Один из козырей фильма - его начало: Паваротти с друзьями плывут сквозь джунгли Амазонки к городу Манаусу, где есть роскошное оперное здание, в котором пел сам Карузо. Пустующий театр отпирают, и Паваротти выходит на сцену, что слышала великого тенора, и пробует акустику, вглядываясь в полутемные своды. Кадры эти сняла его оркестрантка Андреа Гриминелли, и это, конечно, уникальный момент, где сошлись века, традиции и мощь всепроникающего искусства, протянувшего свои лучи даже в эти малоизвестные края экваториальной Бразилии.
Использованы редчайшие записи - к примеру, дебют Паваротти в партии Рудольфа ("Богема") в Театро Реджио Эмилия или мастер-классы, которые он давал в Японии, прививая ее древнему искусству европейскую культуру. Увы, никак не раскрыта тайна его становления как певца и артиста - пытливость авторов и экранное время ушли на подробности личной жизни, отношений с женщинами и семейных драм. То есть того, что всегда было добычей таблоидов, до чего охоч обыватель и без чего фильм, адресованный широкому кругу, не мог обойтись. Наиболее точную характеристику феномена дал Боно: Паваротти не исполнял партии, а их проживал как личную судьбу. И фильм это подтвердит, акцентируя финальные ноты драматических арий, после которых артист далеко не сразу мог вернуться к реальности.
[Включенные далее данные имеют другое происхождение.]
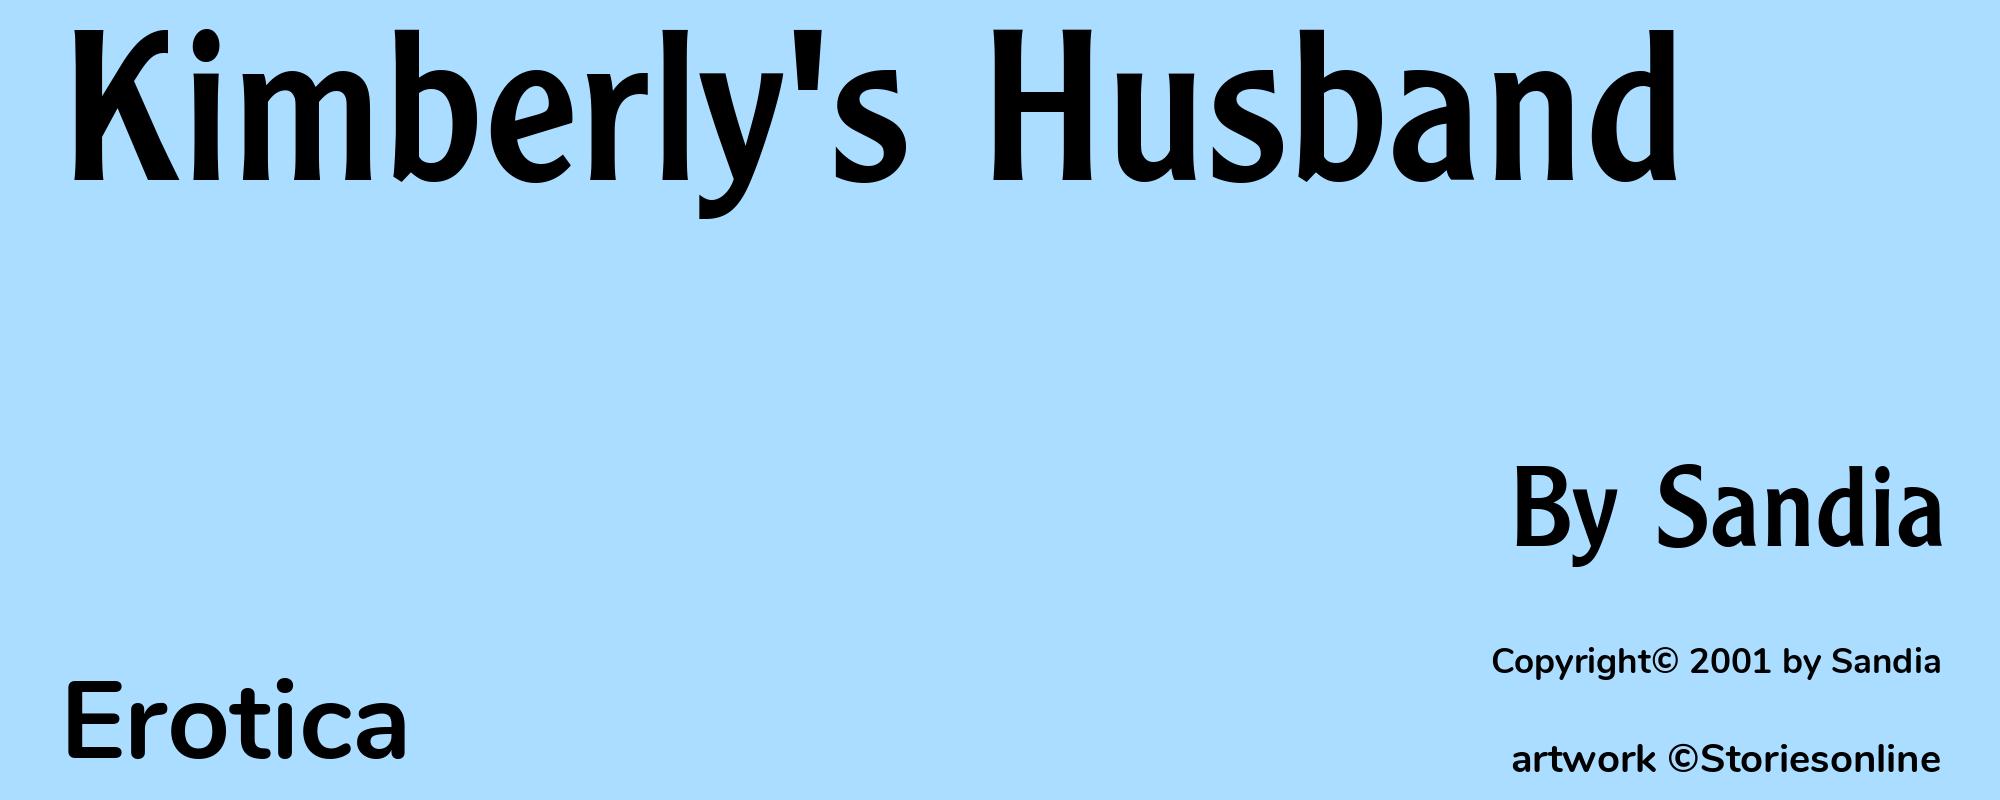 Kimberly's Husband - Cover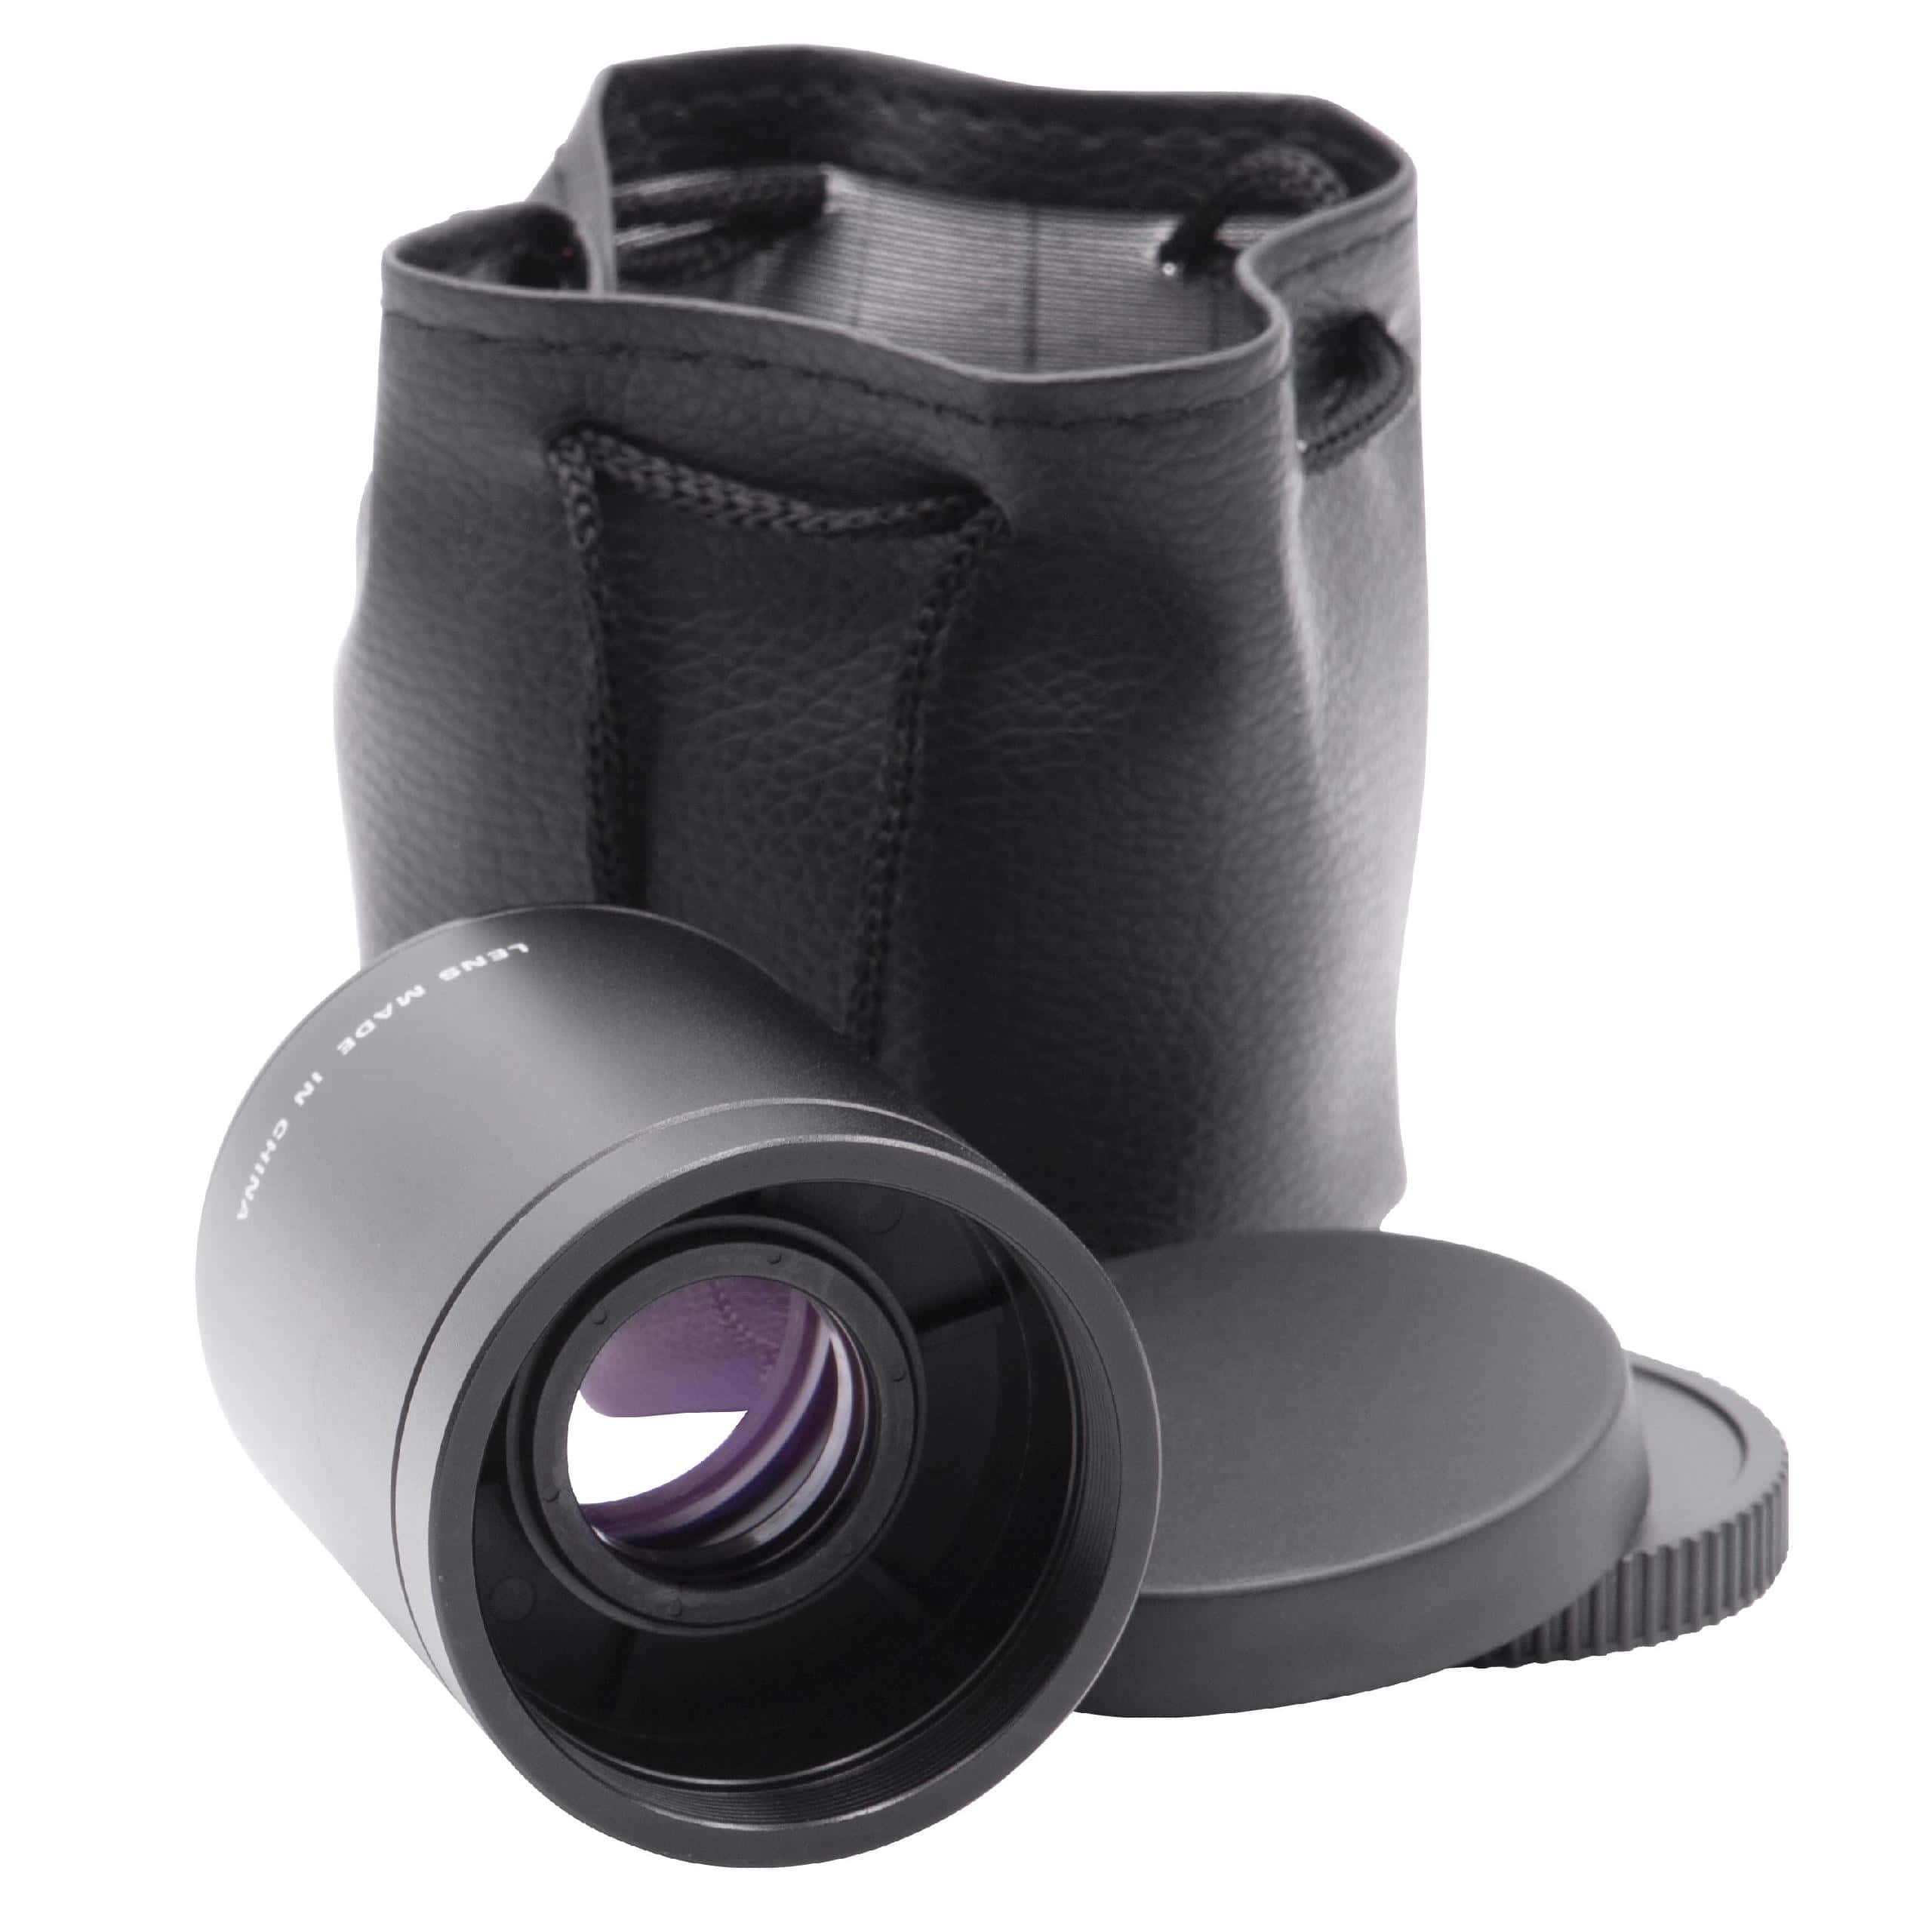 Teleconverter 2x Magnification for T2, T-Mount Lenses for Digital Camera, DSLR e.g. from Nikon, Canon, Sony Al

Фильм часто напоминает живые картинки к википедии: сказано, что это "король верхних "до", - и авторы непременно посвятят диковине значительный по объему "клип". Их способность восторгаться неведомым миром трогательна, и, возможно, позволит достучаться до сердец непосвященных зрителей, но серьезный разговор о феноменальном таланте в кино, думаю, еще впереди.
Важнейшим достижением фильма стал его звук. Современная техника позволила оживить старые несовершенные записи, воссоздать звучания насыщенные, богатые обертонами. Звукорежиссер картины Крис Дженкинс стал для нее наиболее важной фигурой: он как раз явил тонкое знание классической музыки и использовал технологии Dolby Atmos, чтобы передать ее дыхание, атмосферу, чувственность. Режиссер по монтажу Пол Краудер сумел соединить разнородные оперные фрагменты в единую выразительную сюиту со своей драматургией. Ее кульминацией стал эпизод выступления трех теноров - Паваротти, Каррераса и Доминго - на сцене Терм Каракаллы в Риме: здесь звукорежиссер стал полноправным участником фантастического по экспрессии собрания певцов, грандиозного оркестра Зубина Меты и наэлектризованной публики.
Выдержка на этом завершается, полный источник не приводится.